Real-time system hbase read-write optimization--A large number of write-free

Source: Internet
Author: User
Tags compact

In the process of using hbase, it is found that when the amount of data written to HBase is very large, it often occurs. And we are based on hbase application is very high real-time requirements, once the hbase can not read and write will greatly affect the use of the system. The process of HBase write optimization is recorded below.


1. Prohibition of major compaction

When HBase is major compaction, the region merges all storefile, so the entire region is unreadable and all queries to this region block. HBase Major compaction is executed one day or so by default. We're going to ban major compaction and use cron scripts to perform major compaction on all tables every day while the system is idle.


Configuration of Major compaction:

<property>
<name>hbase.hregion.majorcompaction</name>
<value>0</value>
</property>

The default is 1 days, and each region initializes the regionmajorcompactiontime at the current time when it is created and sets the next major compaction time to 1+-0.2 days. This value is set to 0 in the configuration to prohibit major compaction.


Major_compaction script: Take out all of the table and execute Major_compact:

Tmp_file=tmp_tables
tables_file=tables.txt

echo "list" | HBase shell > tmp_tables sleep
2
sed ' 1,6d ' $TMP _file | TAC | Sed ' 1,2d ' | Tac > $TABLES _file sleep
2 with

table in $ (cat $TABLES _file), do
        echo "Major_compact ' $table" | HBase shell Sleep Done
2. Ban split

HBase through the split region to achieve the level of sharding, but in the process of split the old region will be offline, the new region will do compaction, in the middle of a period of time a large number of data can not be read and written, This is not tolerable for our online system. We also ban automatic split, and perform our Splittool manual split at night when the system is idle.


No split configuration:

<property>
 <name>hbase.hregion.max.filesize</name>
 <value>536870912000</ Value>
 </property>
The meaning of the configuration item is that when the size of the region is greater than the set value, the HBase begins to split, we set this value to 500G, and we think that a region will not exceed this size during the daytime system rush, and that running Splittool at night will split the region.

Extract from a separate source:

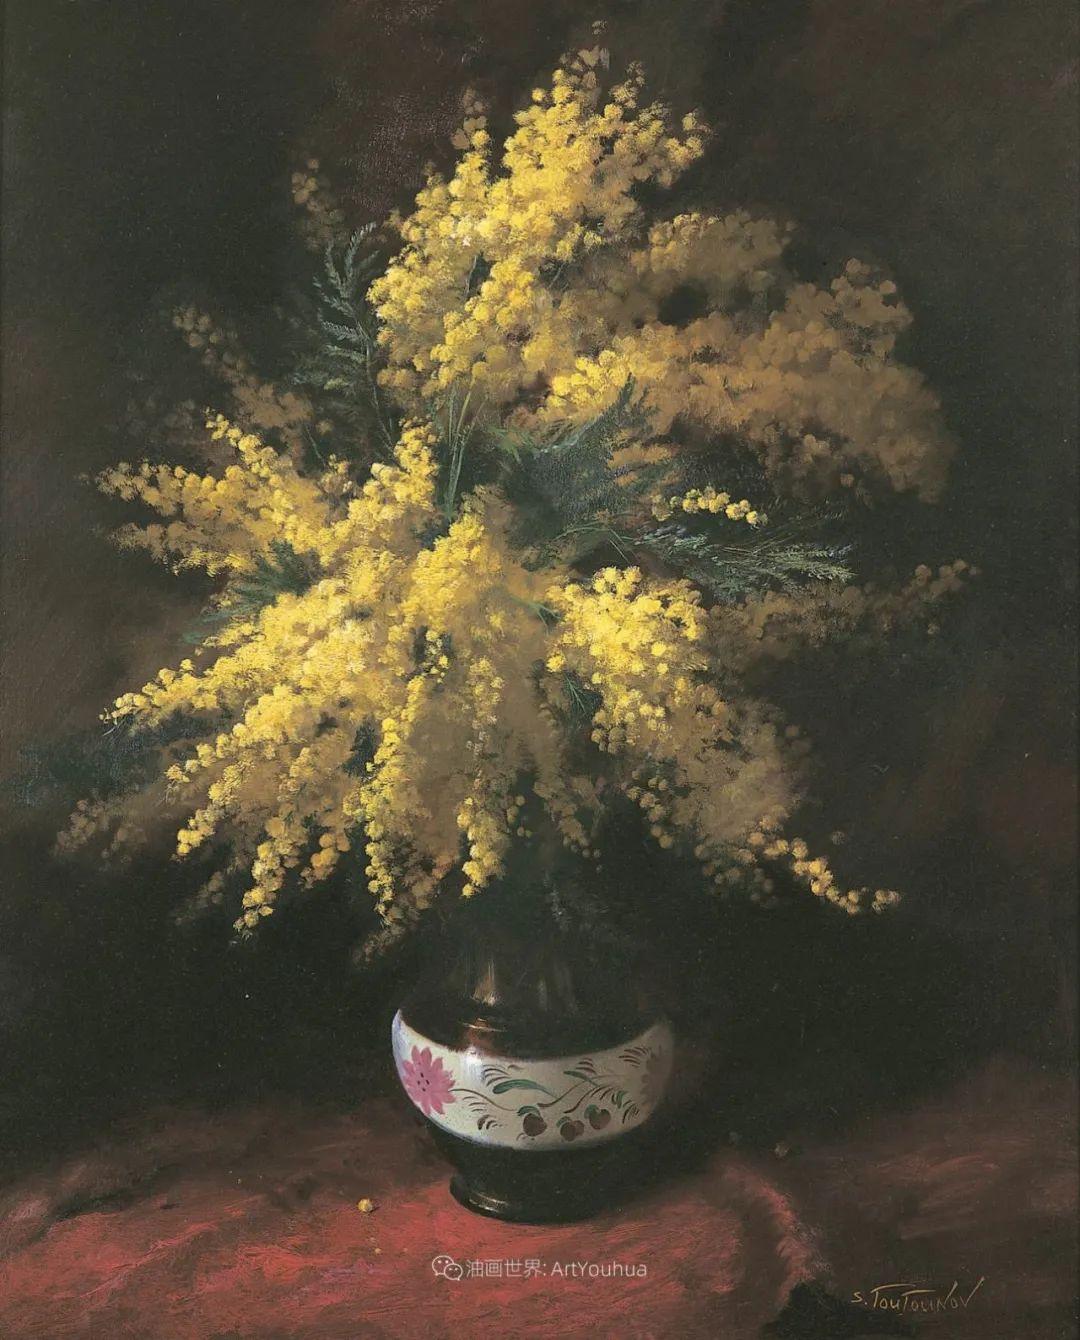 花香袭人,绚丽多彩!俄罗斯画家谢尔盖·图图诺夫插图53

The logic of Splittool is relatively simple. Traversal of all region information, if the region size is greater than a certain value (such as 1G) then split the region, this is a round split, if there is no greater than the value of the region after the end, if there are more than a value of the region to continue a new round of split, Until no region is greater than a certain threshold value. Here's how to judge split completion by checking whether the old region folder on HDFs is cleared to determine if split is over.


3. Set Blockingstorefiles

The importance of this parameter is found in our performance tests. We've banned major_compaction and split. There should be no obstacle to writing theoretically, but in tests it is found that writing a single region faster than 10m/s can still occur for a long time without writing. By looking at the log, we found that this line of log "waited 90314ms on a compaction to clean up ' too many store files '", by looking at the code that turns out to be blockingstorefiles this parameter Blame.


The flushregion detects whether the number of hfile in the current store is greater than this value, and if greater than the block data is written, waits for other threads to hfile the compact. Thus, if the write speed exceeds the speed of the compact, HBase blocks the region's data from being written.

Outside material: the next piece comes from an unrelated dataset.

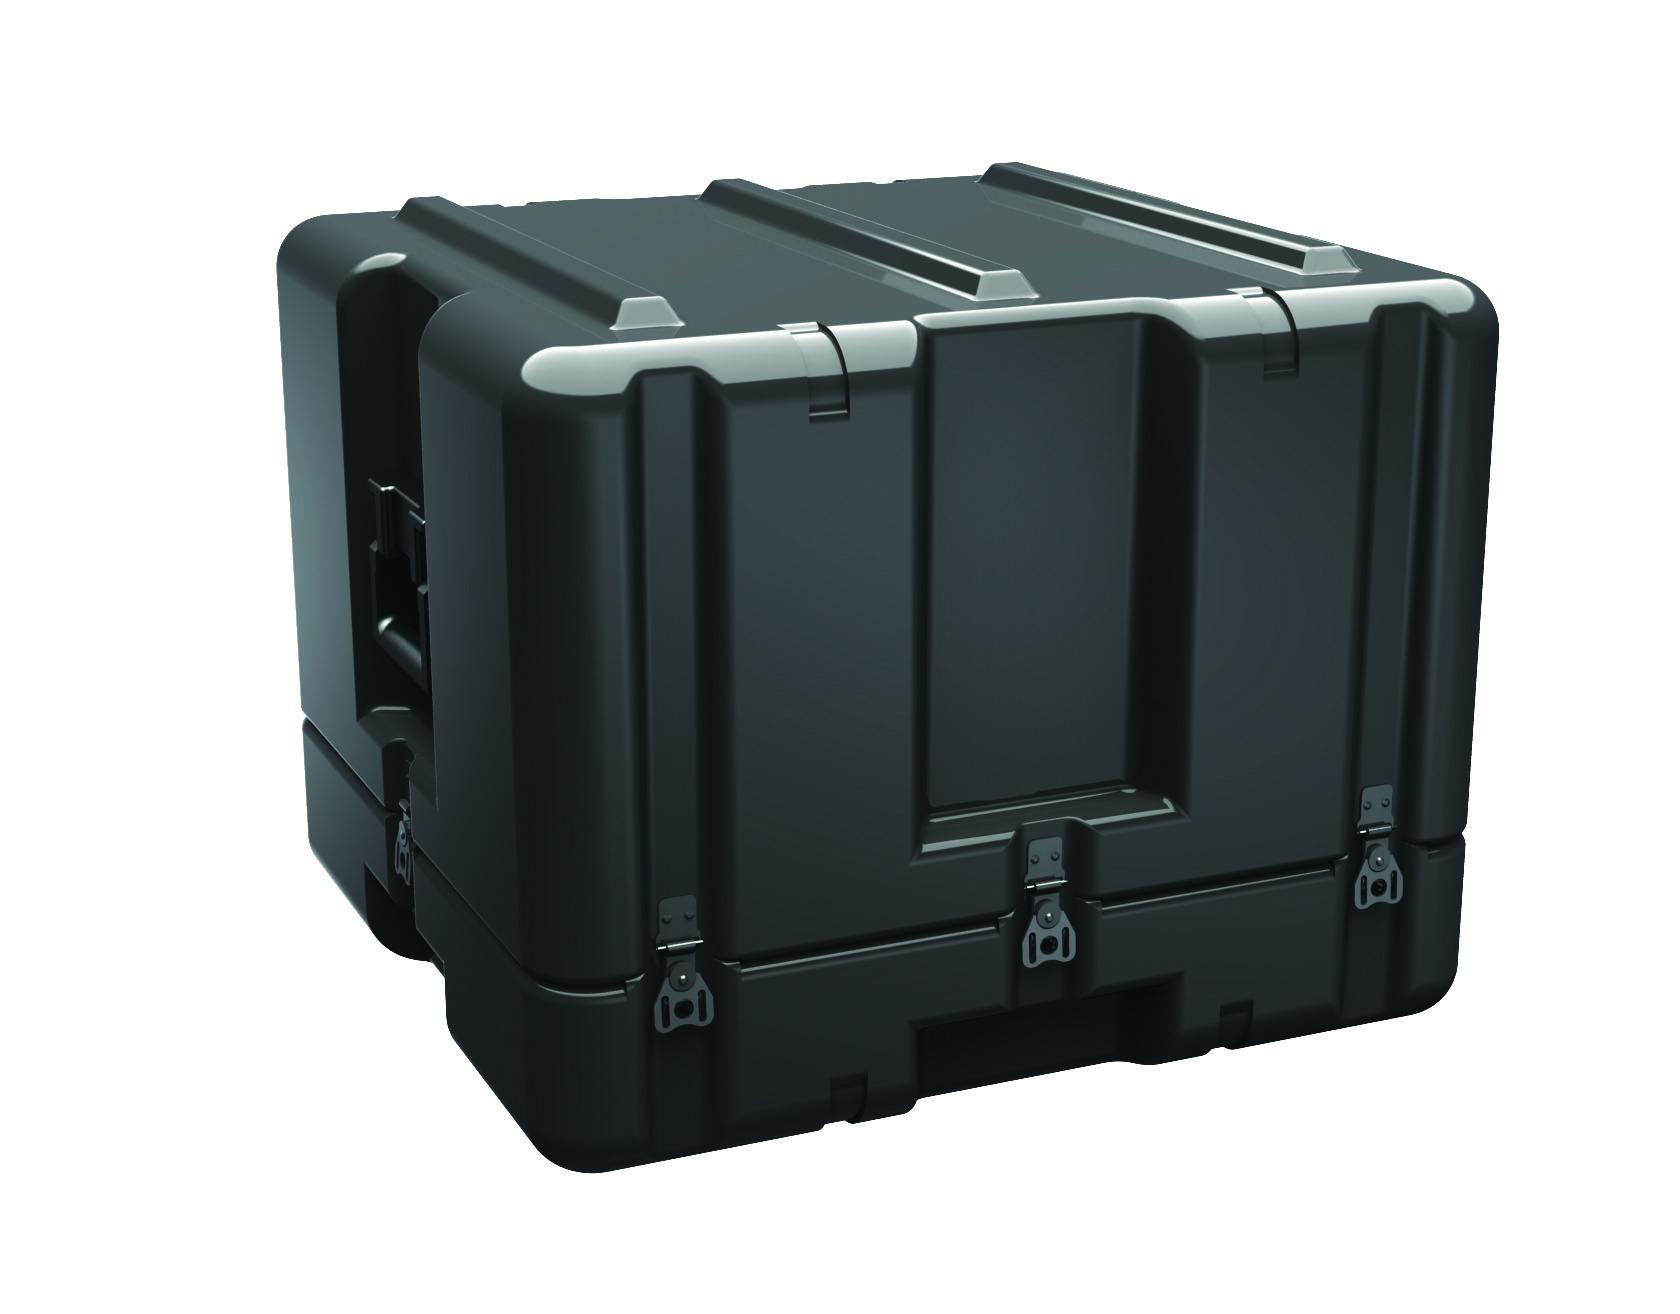 AL2221-0414 - Transport Cases AL2221-0414 Pelican Cube Case

Private Boolean flushregion (final Flushregionentry fqe) {
    hregion region = fqe.region;
    if (!fqe.region.getregioninfo (). Ismetaregion () &&
        istoomanystorefiles (region)) {
      if ( Fqe.ismaximumwait (This.blockingwaittime)) {
        Log.info ("waited" + (System.currenttimemillis ()-fqe.createTime) +
          "Ms on a compaction to clean up ' too many store files '; waited" +
          "long enough ... proceeding with flush of" +
  region.getregionnameasstring ());
      
The default value is 7
This.blockingstorefilesnumber =
      conf.getint ("Hbase.hstore.blockingStoreFiles", 7);
    if (This.blockingstorefilesnumber = = 1) {
      This.blockingstorefilesnumber = 1 +
        conf.getint (" Hbase.hstore.compactionThreshold ", 3);
    }


We set this value to a large value so that the problem does not block our write.

<property>
<name>hbase.hstore.blockingStoreFiles</name>
<value>2100000000</ Value>
</property>




Contact Us

The content source of this page is from Internet, which doesn't represent Alibaba Cloud's opinion; products and services mentioned on that page don't have any relationship with Alibaba Cloud. If the content of the page makes you feel confusing, please write us an email, we will handle the problem within 5 days after receiving your email.

If you find any instances of plagiarism from the community, please send an email to: info-contact@alibabacloud.com and provide relevant evidence. A staff member will contact you within 5 working days.

A Free Trial That Lets You Build Big!

Start building with 50+ products and up to 12 months usage for Elastic Compute Service

  • Sales Support

    1 on 1 presale consultation

  • After-Sales Support

    24/7 Technical Support 6 Free Tickets per Quarter Faster Response

  • Alibaba Cloud offers highly flexible support services tailored to meet your exact needs.